Child development basically is any transition in human beings between birth and the end of maturity. It is progressive and is bound to affect the next change or preceding development of a child. Child development may be as a result of many factors including; getting educated, environmental factors and the completion of adolescence. They are many development times in a child before being an adolescent. (Feldman, 2012, pg 67) A child is referred to as a new born between the first 4 weeks of childhood, an infant between 4 weeks and 1 year, a toddler up to 3 years, a preschooler 4-6 years, school aged child 6-13 and an adolescent as from 13 years up to 19 years.
There are many factors that lead to proper child development; parents being one of the many factors, the parents hence play a key role. They help the child to blend socially, academically and reach development wholly. A child is also supposed to receive good care for any chance of proper development which should be the case in order to reach full development. There are so many theories that define child development, such a theory is the ecological systems theory brought up by Urie Branfenbreener who based his postulates on four systems .These were Microsystems, Ecosystem, Macrosystem and Mesosystem .The systems clearly give directives on development. (Feldman, 2012, pg 87)
Jean Piaget a Swiss scholar also developed a theory solely on animals. He came up with stages which include the sensorimotor stage, preoperational stage, concrete stage, formal operations stage which is the last stage. During the sensorimotor stage the child is able to perceive the unseen .At the preoperational stage children explicate their surrounding using symbols of the mind such as words and images.
With this the child is able to apply them in their childish endeavors assuming that they know better and very well as compared to other people. They tend to display ego mostly and knowing more than most people .The concrete stage shows how children begin to think differently and bear a sense of mind. They are able to make it out of situations just by putting their mind to it.
The formal operations is the final stage which depicts children as beings able to relate very well and have the clear indication of things that happen or are to happen. This however also means that the child creates a sought of feeling of superiority to most people at times thinking that maybe he/she is at the peak and above the rest which is not the case. Vygotsky based his theory on the society’s role in developing the child. The child first grows then is able to relate with other people at large. With the help of an adult the child is able to grow and learn for example using rhymes or by certain movements such as tapping.

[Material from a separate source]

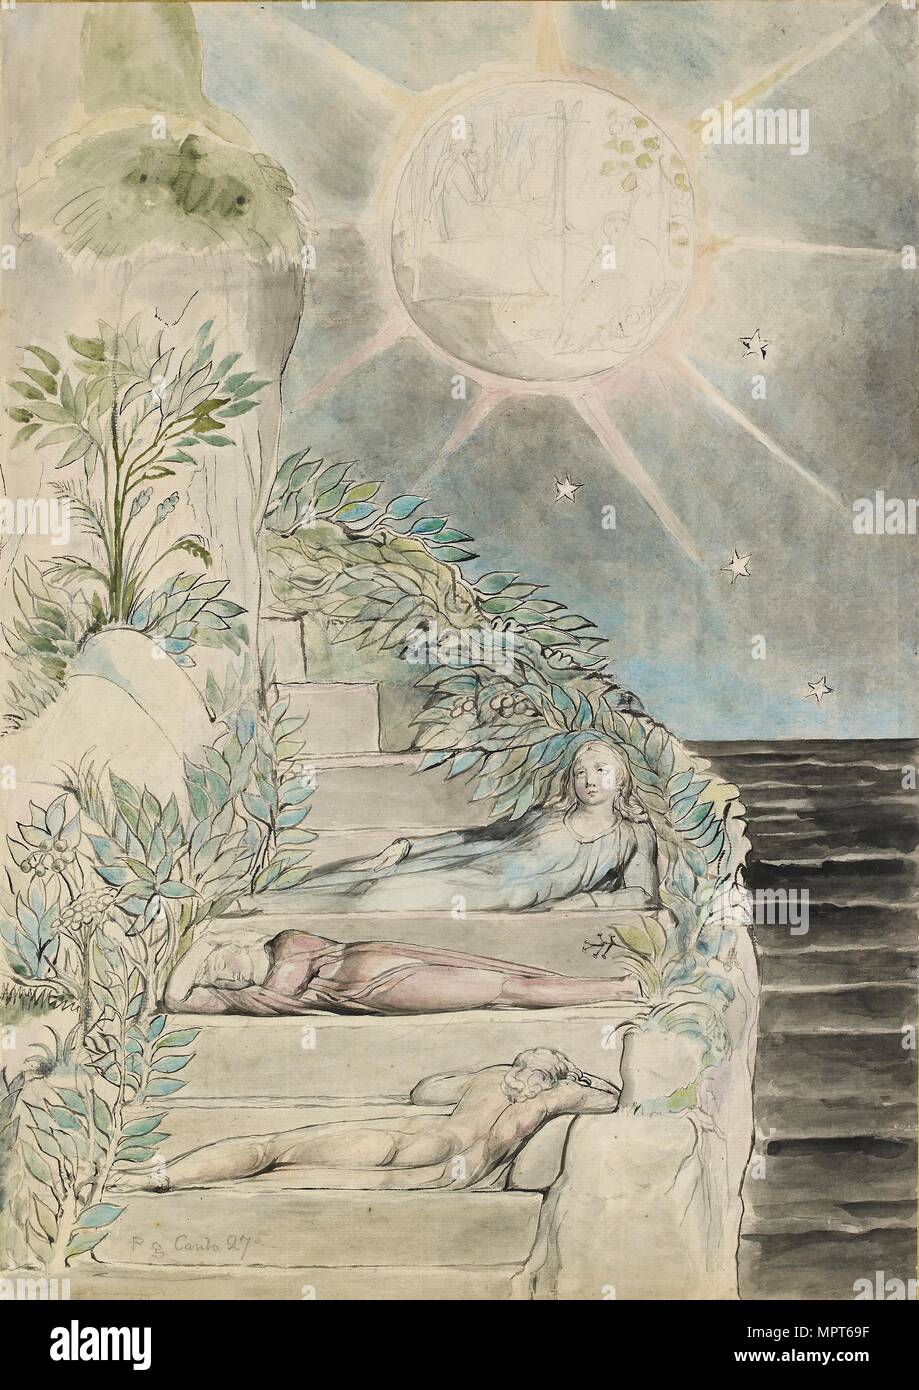 Dante und Vergil Statius schlafen, beobachten (Abbildung der 'Göttlichen Komödie', Purgatorio XXVII), Künstler: William Blake. Stockfoto

John Bowlby came with the attachment theory but Mary Ainsworth improved it. It clearly depicts that the strong ties or bonds between a child and a guardian, a child and a parent, a child and the one looking after the child helps with the growth of the child. Eric Erickson developed a theory to the aspect of child development too. (Demick & Andreoletti, pg 82, 2014) This include trust vs. mistrust (infant),Autonomy vs. shame (toddlerhood),Initiative vs. guilt (preschooler),Industry vs. inferiority (young adolescent),Identity vs. role confusion (adolescent),Intimacy vs. isolation (young adulthood), Generativity vs. stagnation (middle adulthood),Ego integrity vs. despair (old age).
Other theories include behavioral theory as well as the psychosexual theory .The stages needed to be fully complete for the preceding one to take course basing it also on the libido in a particular place or different places. (Demick & Andreoletti, pg 85, 2014) The theory has similarities with Bowlby’s theory of attachment and the study of motor development .It helps to relate developments together and to create assertiveness and perception to things.
A different theory known as the “core knowledge perspective” is based on certain domains very important to development which include; physical ,linguistic, numerical, psychological and biological. The main cause of growth is mainly genetic or as a result of the immediate environment. Genetic factors have a great influence on the cell, the diet required, development of the brain too and its growth basically. Certain experiments show that organisms are able to survive with a small change in the environment too or when exposed to environments of slight variation.
However the environment still serves as a factor of development, sometimes both genetic and environmental factors both cause developmental changes .When the rate of genetic factors on the child is high this means that the rate of environmental factors is very low.(Crowley, 2014, pg 114). Physical growth is mainly change in stature over time and this includes the size, weight and physique or stature. This is accompanied with the change in structure such as of the limbs, as a child one has small limbs but as one matures into an adult the limbs become even bigger.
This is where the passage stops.